*** Stored data ***

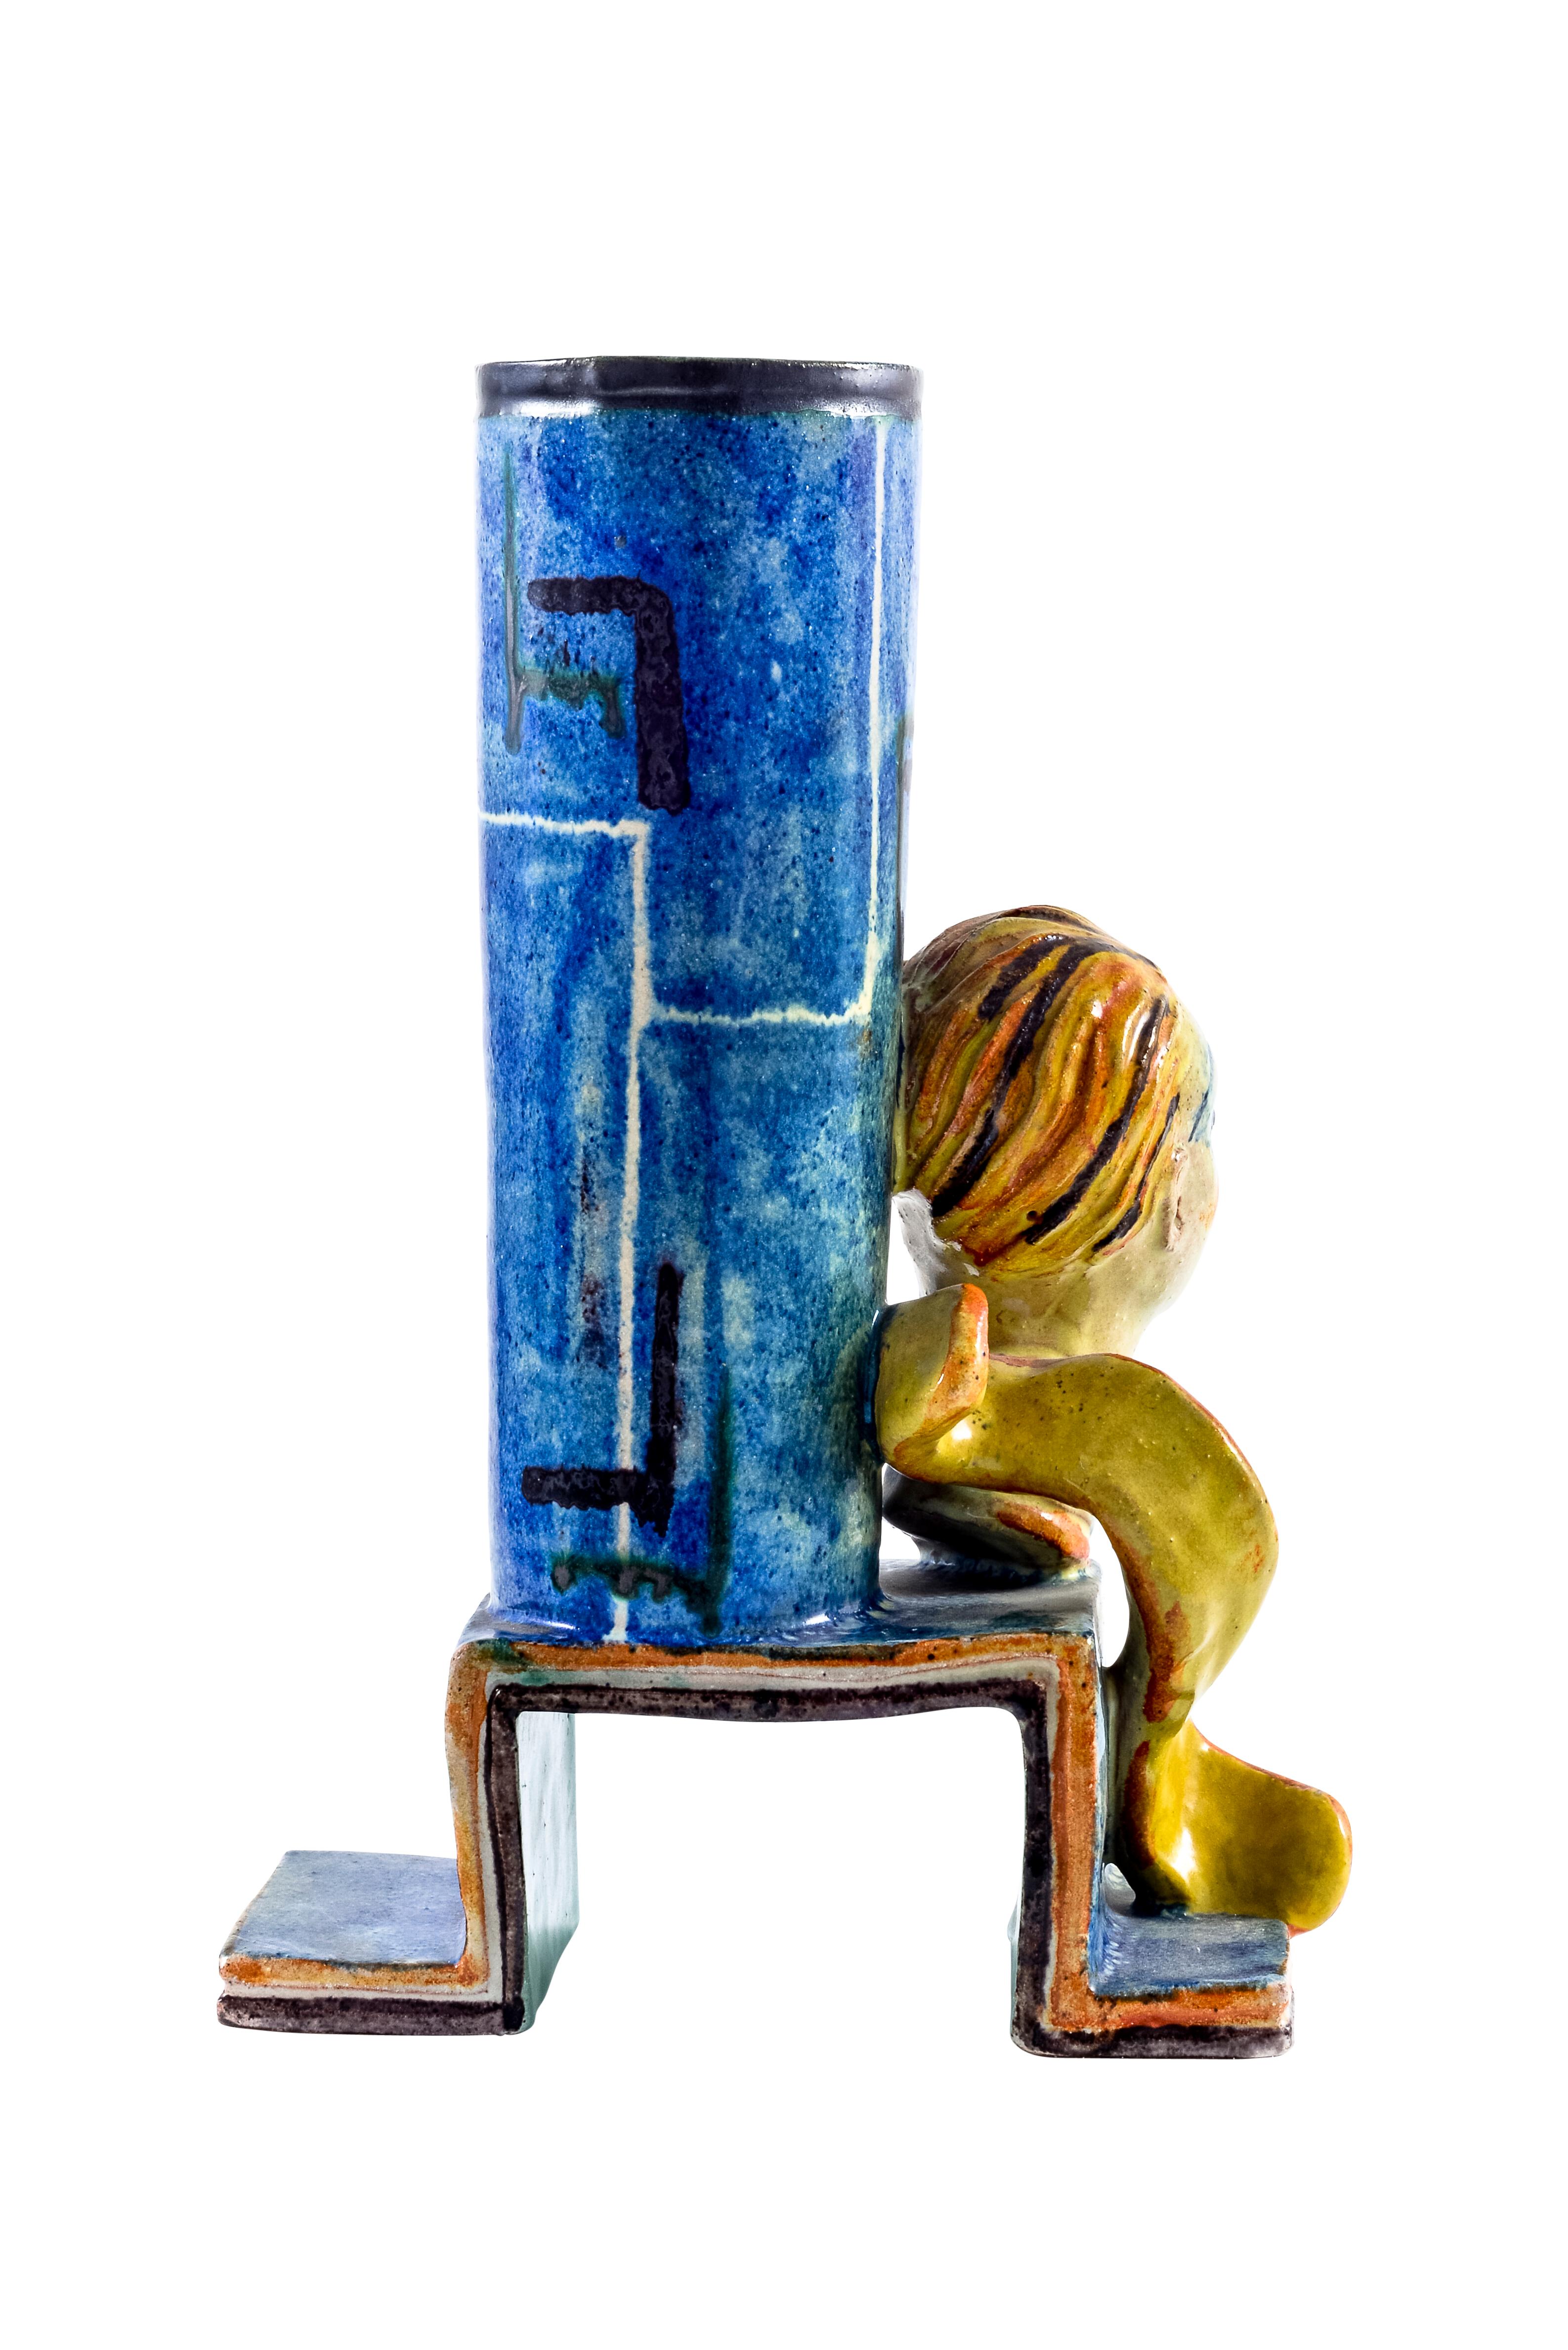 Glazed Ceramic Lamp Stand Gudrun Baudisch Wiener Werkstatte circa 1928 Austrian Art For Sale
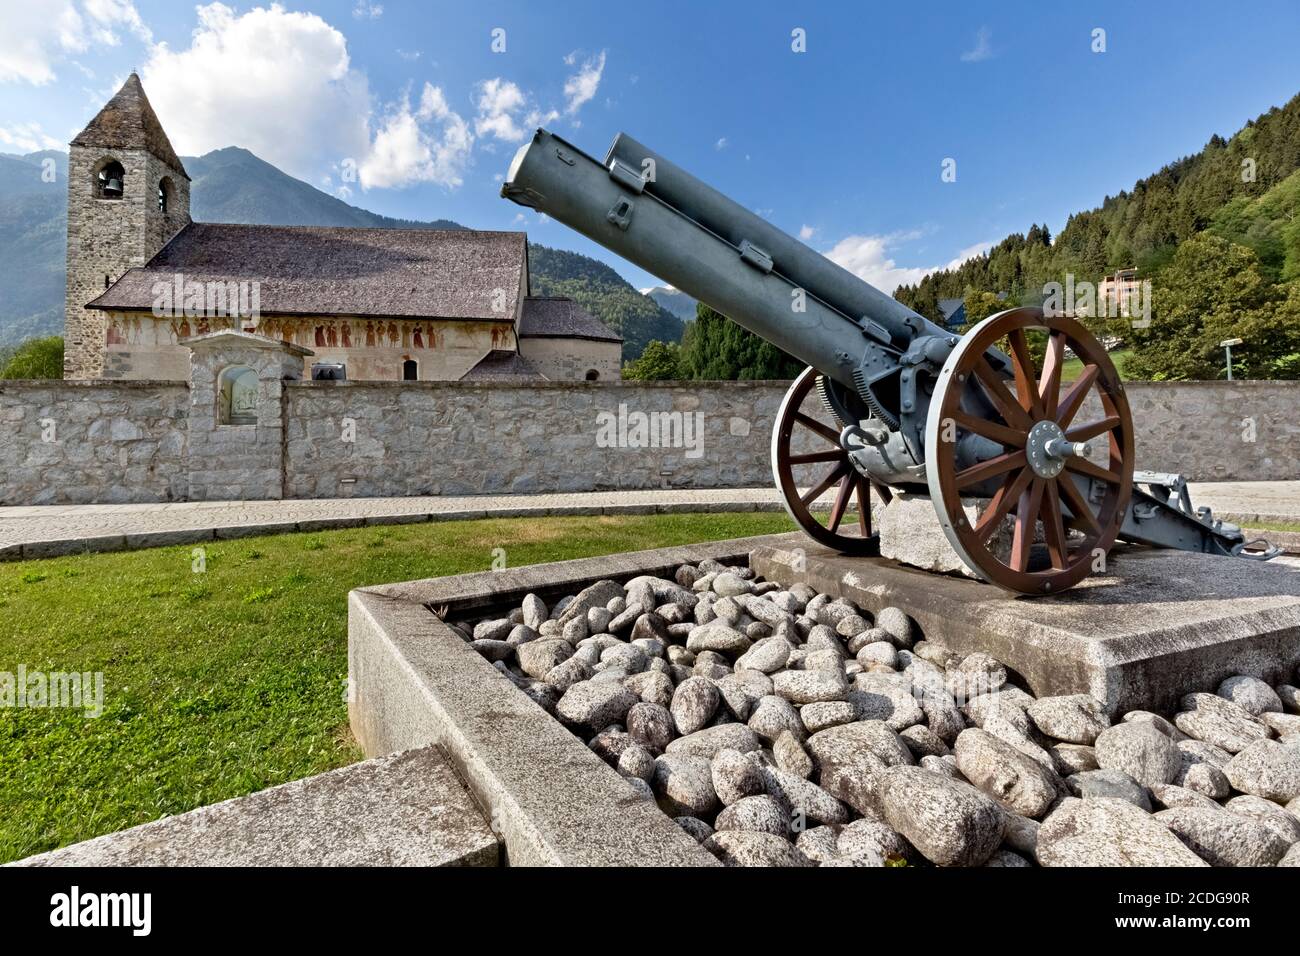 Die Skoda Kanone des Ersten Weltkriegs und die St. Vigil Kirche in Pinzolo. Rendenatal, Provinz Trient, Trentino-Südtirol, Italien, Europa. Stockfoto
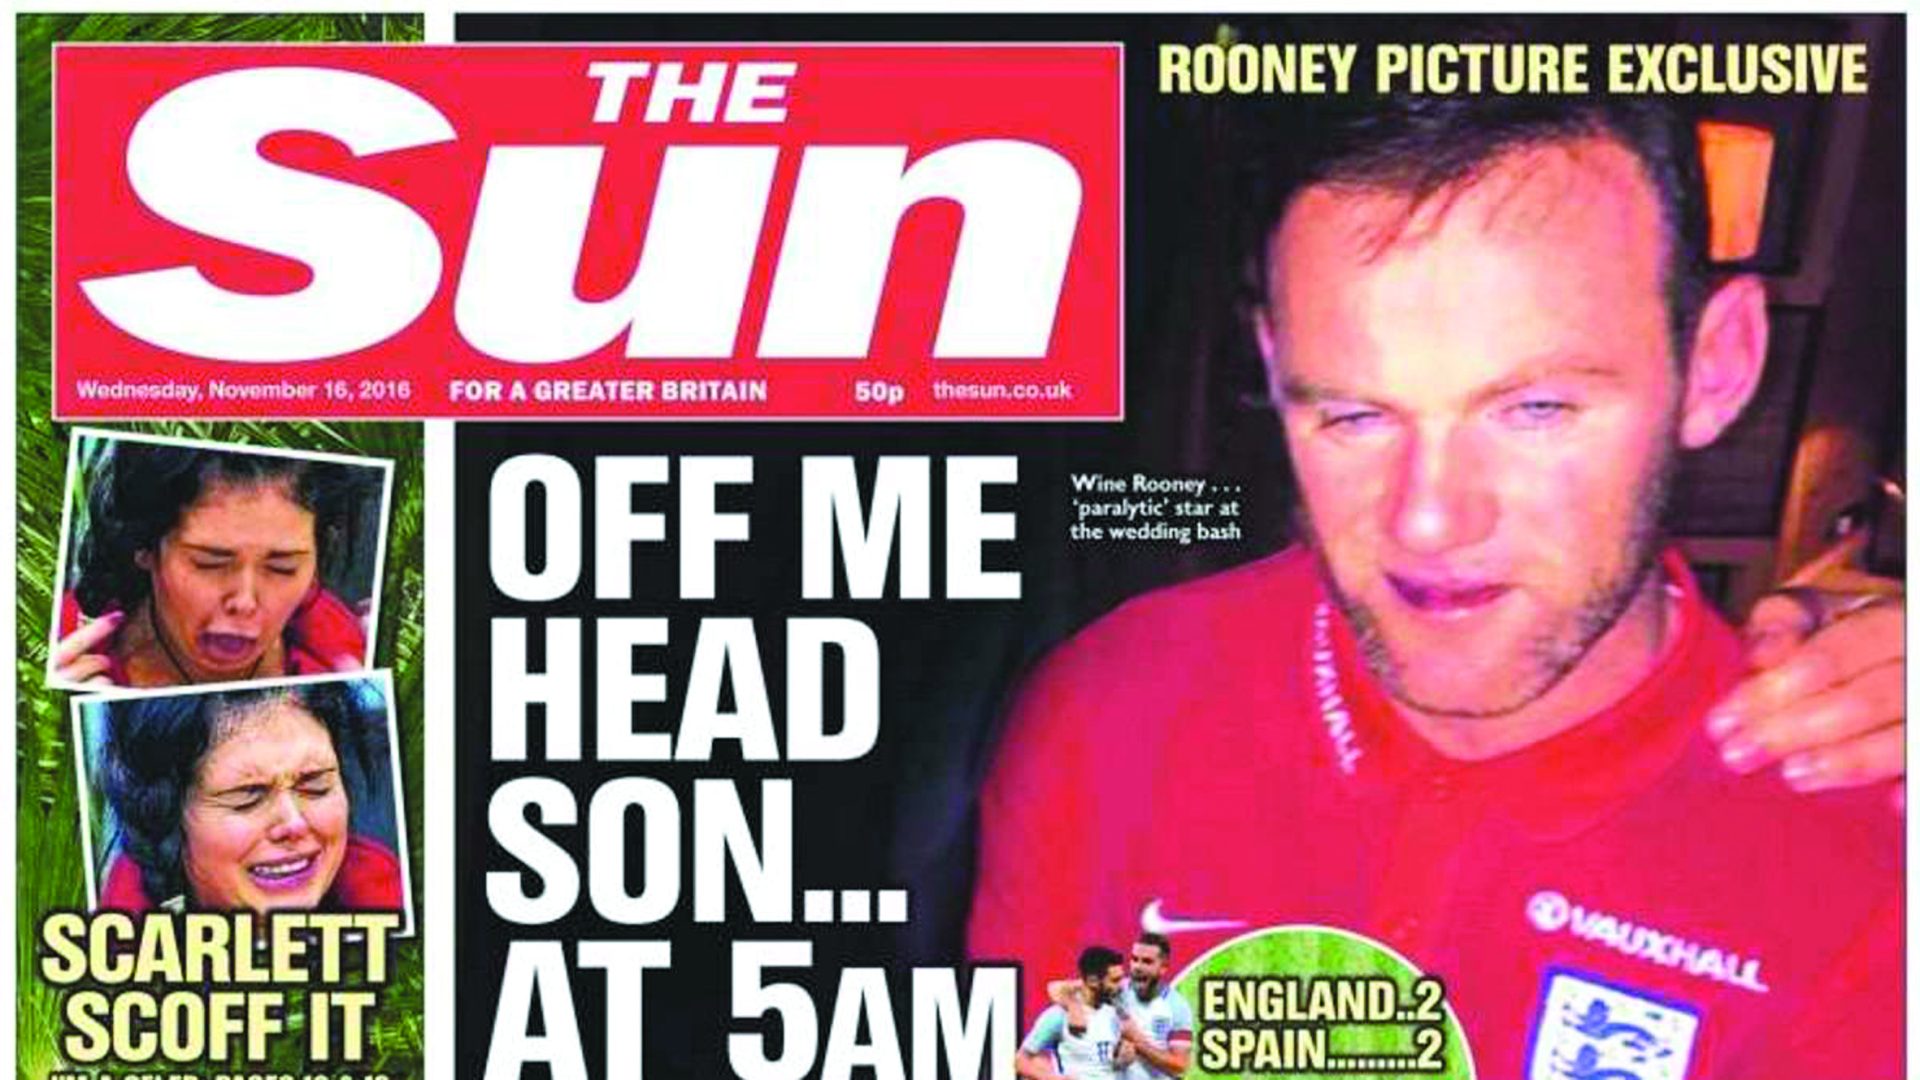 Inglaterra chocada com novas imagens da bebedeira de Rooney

*** End of Stored data ***

Exactly as written, return every line of the listing, but not the pictures.

 Glazed Ceramic Lamp Stand Gudrun Baudisch Wiener Werkstatte circa 1928 Austrian Art For Sale
 Die Skoda Kanone des Ersten Weltkriegs und die St. Vigil Kirche in Pinzolo. Rendenatal, Provinz Trient, Trentino-Südtirol, Italien, Europa. Stockfoto
 Inglaterra chocada com novas imagens da bebedeira de Rooney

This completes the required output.